Saved entries:
=== Section Start ===
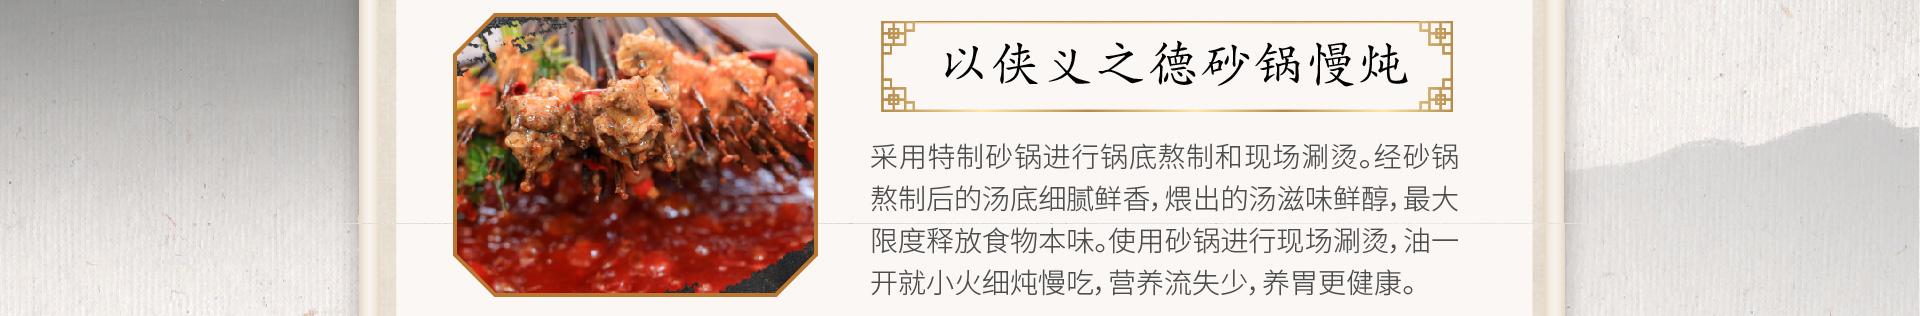 串大侠串串火锅cdx_06
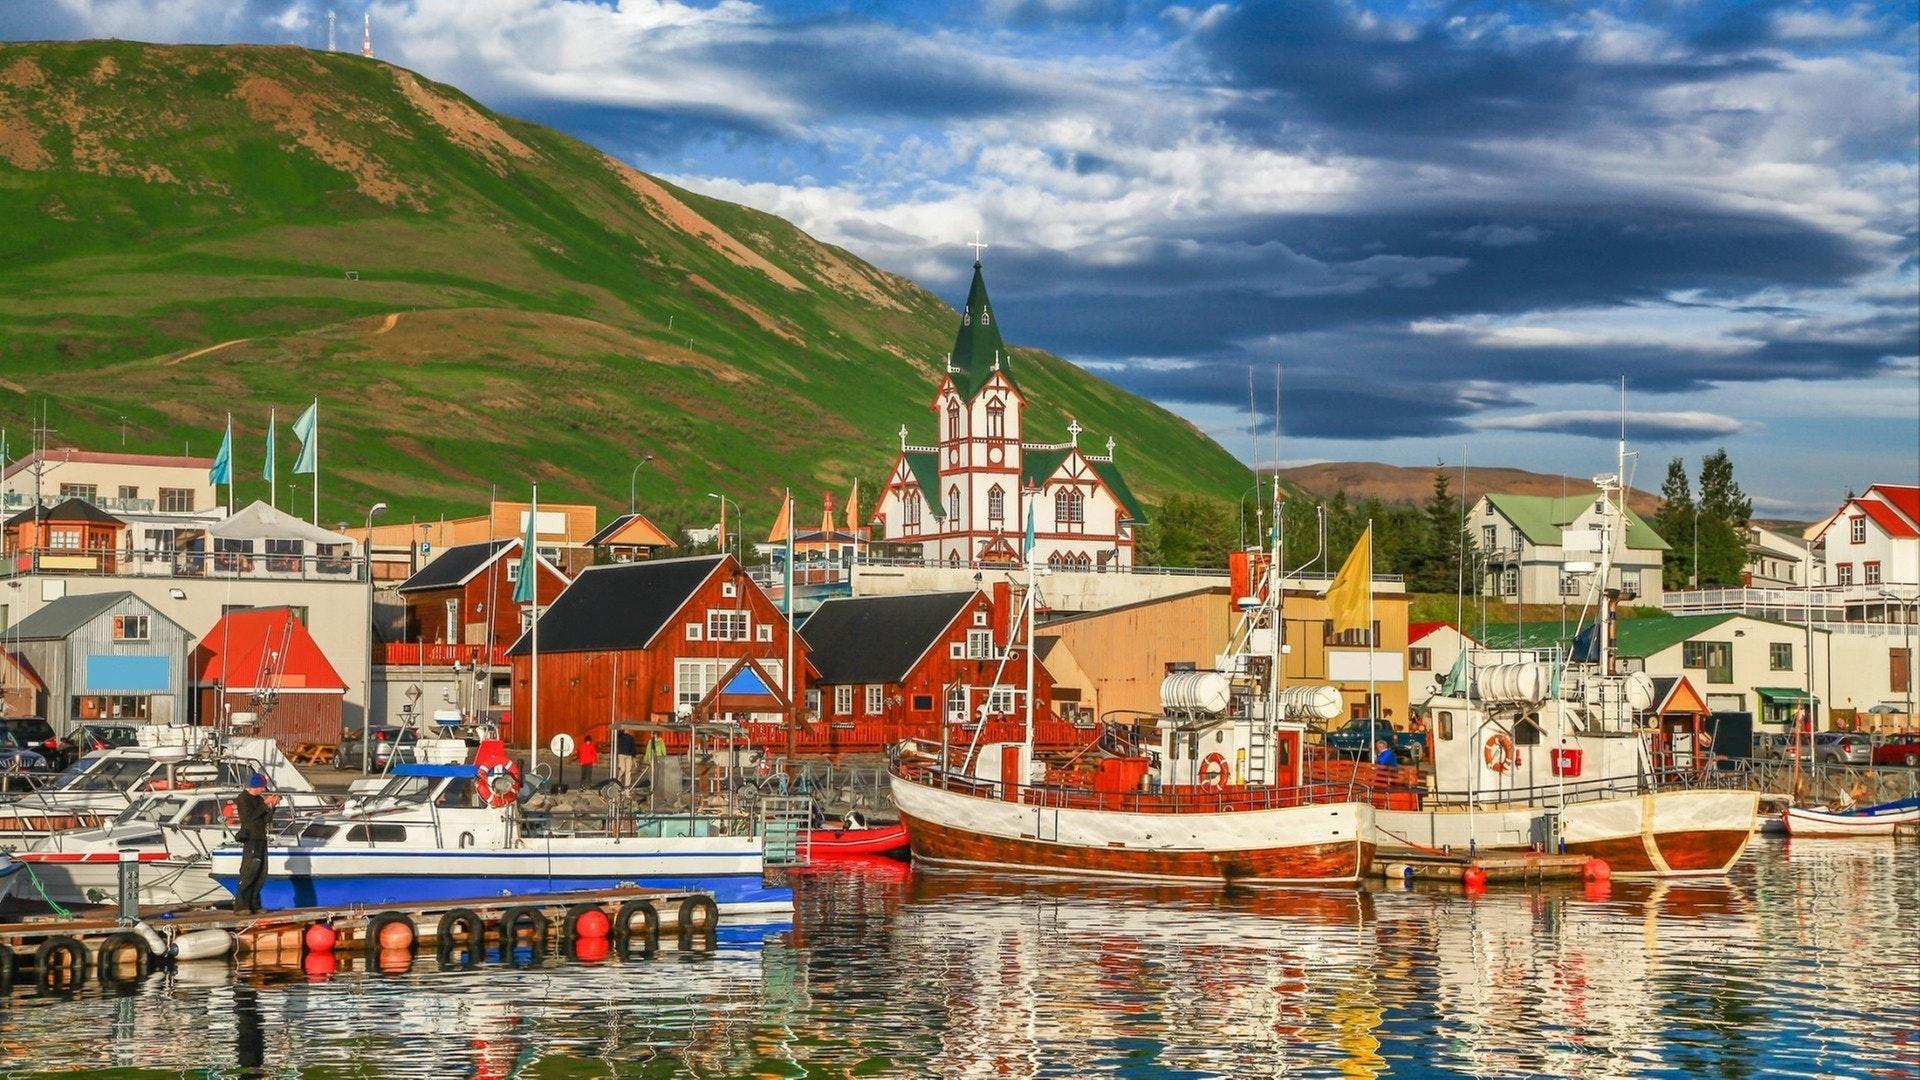 Belle vue sur la ville historique de Husavik avec des maisons colorées traditionnelles et des bateaux de pêche traditionnels
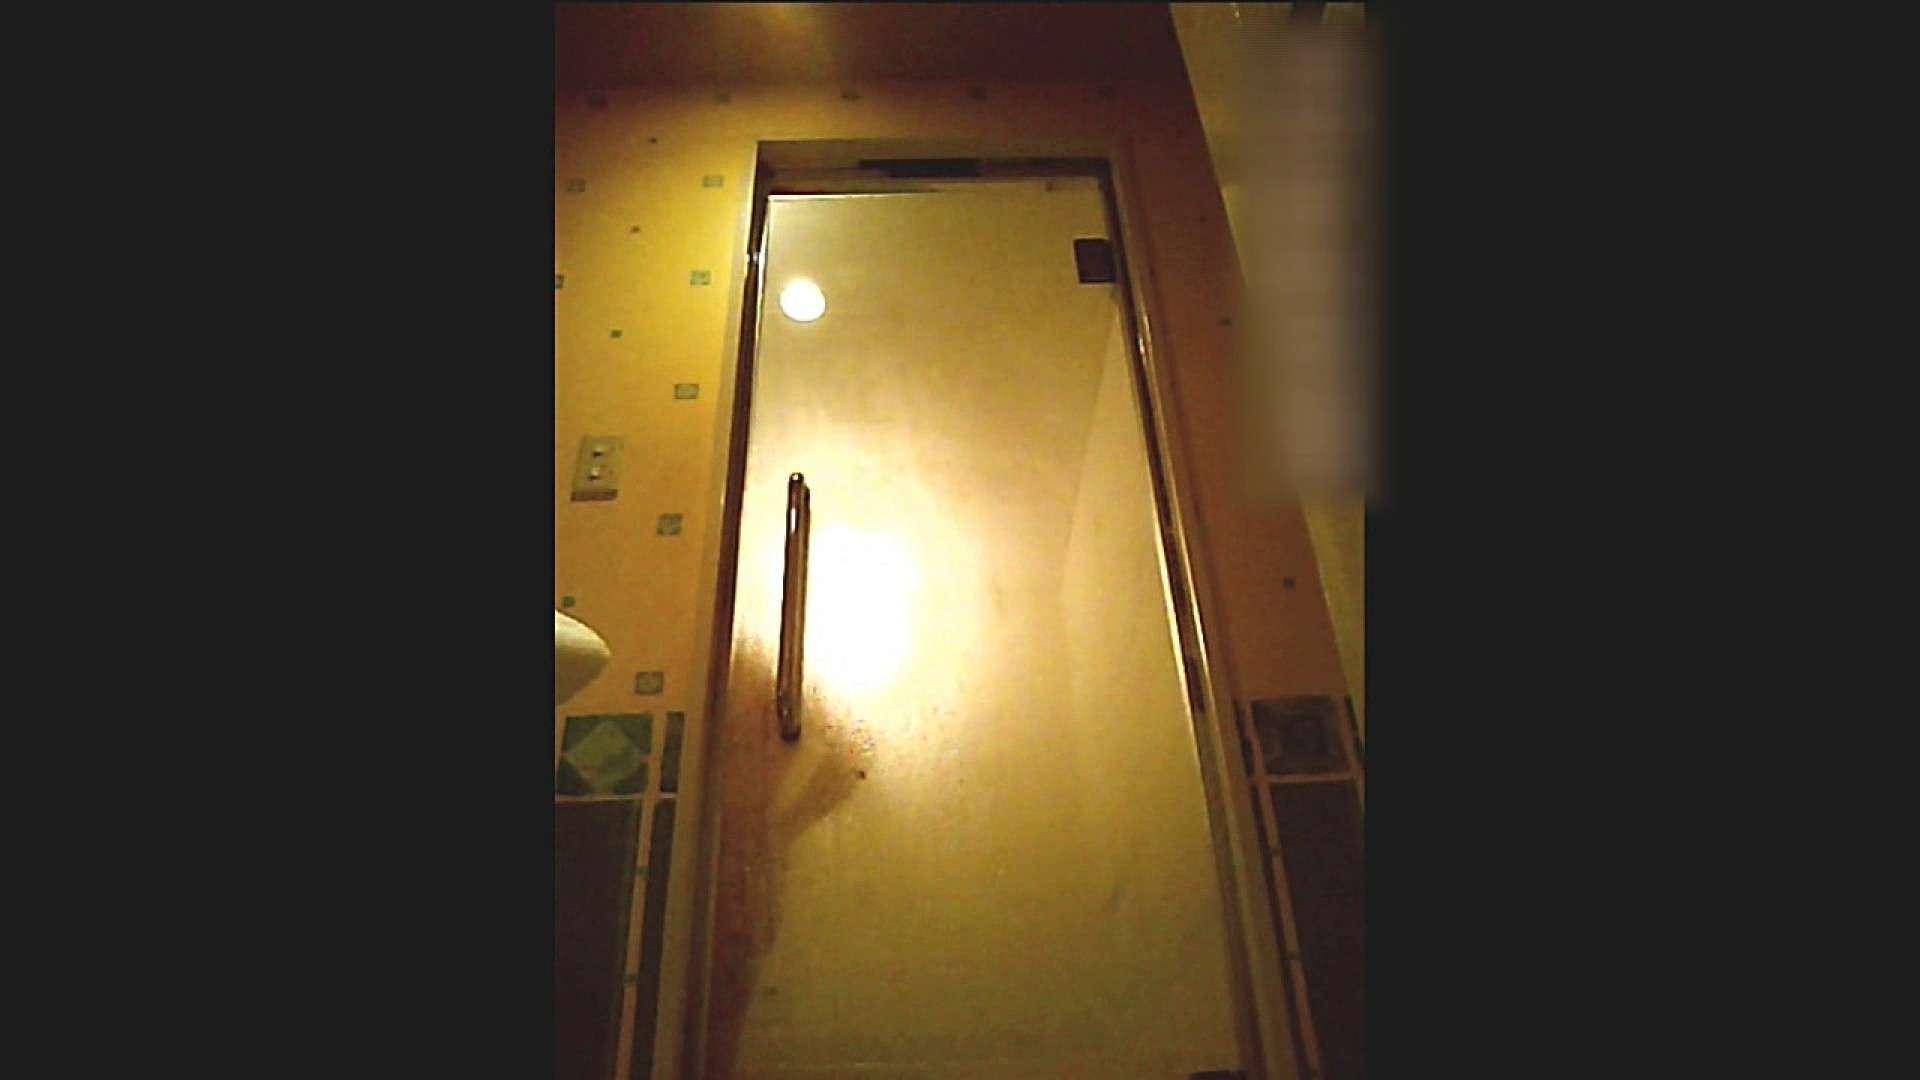 サークル女子の後輩 かなみちゃん Vol.04 シャワー室 | ギャルズ  30画像 26
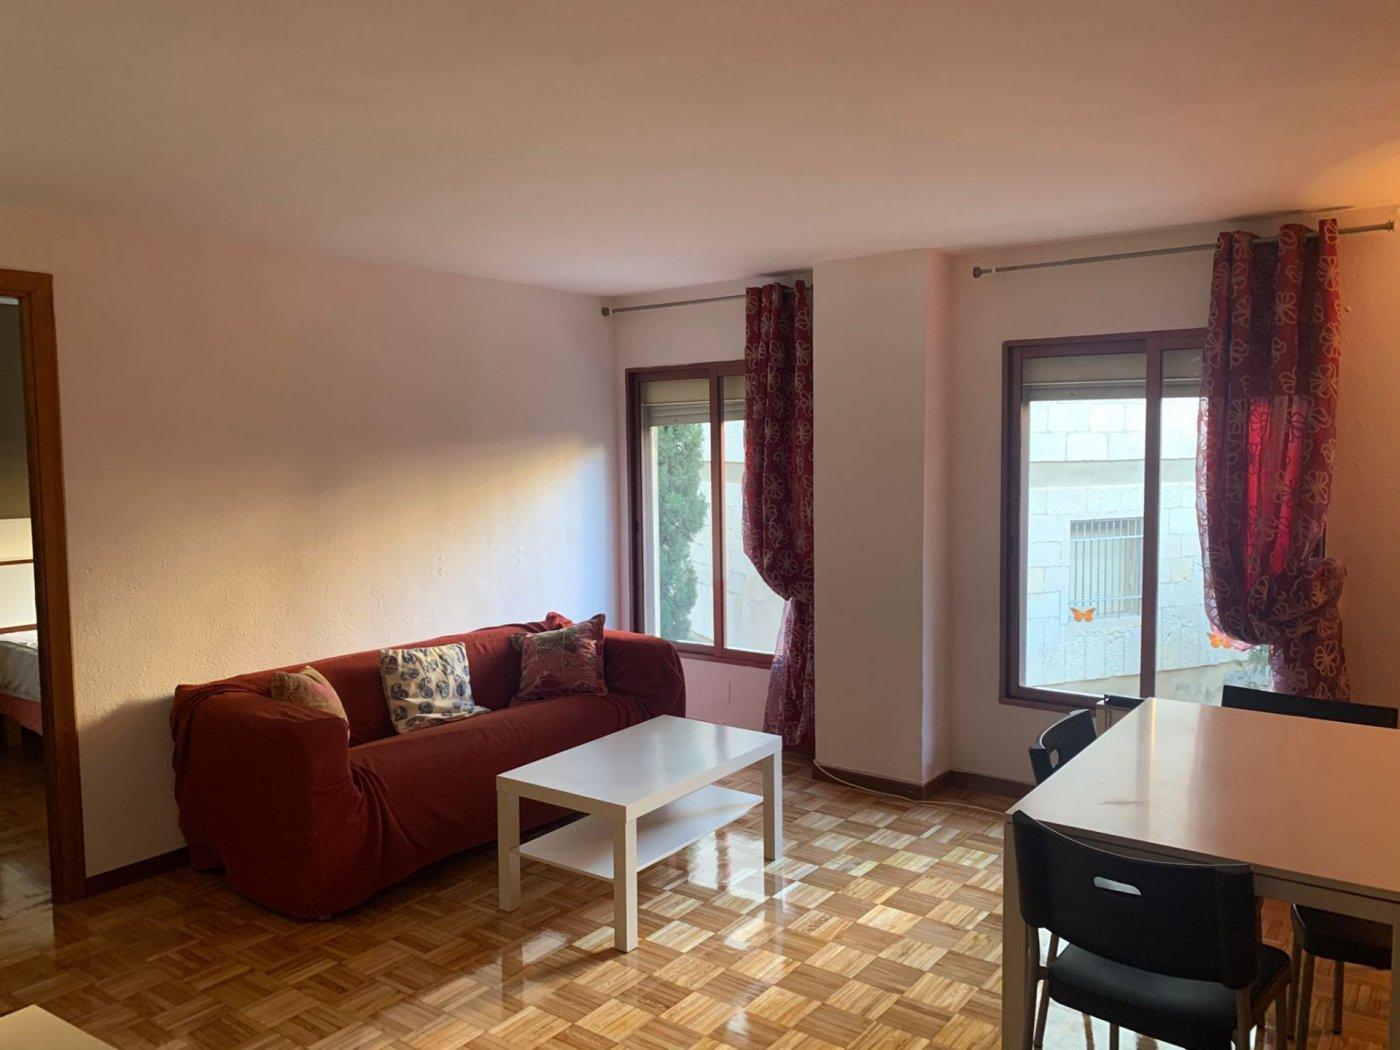 Apartamento en alquiler en Zamora, Zamora
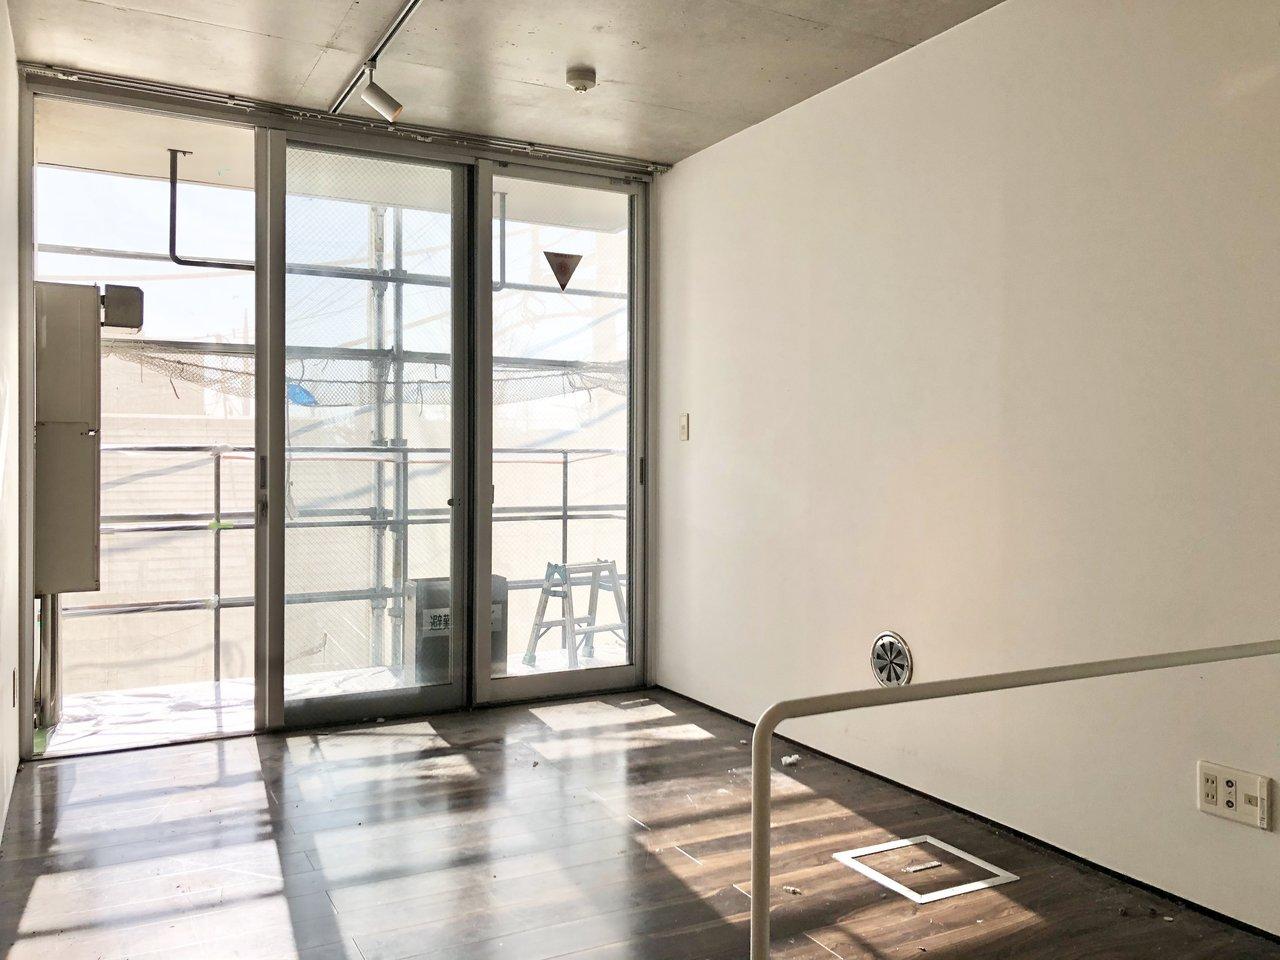 上階部は寝室と、クローゼットがあるお部屋。壁一面が窓になっていて、こちらも光がたくさん降り注ぎます。2面採光なところも良い!
=== Section End ===
WORK INSTRUCTION
For this exercise, transcribe the data above line by line, exactly, with pictures omitted.

RESULT OF THE EXERCISE
 串大侠串串火锅cdx_06
 Belle vue sur la ville historique de Husavik avec des maisons colorées traditionnelles et des bateaux de pêche traditionnels
 サークル女子の後輩 かなみちゃん Vol.04 シャワー室 | ギャルズ  30画像 26
 Apartamento en alquiler en Zamora, Zamora
 上階部は寝室と、クローゼットがあるお部屋。壁一面が窓になっていて、こちらも光がたくさん降り注ぎます。2面採光なところも良い!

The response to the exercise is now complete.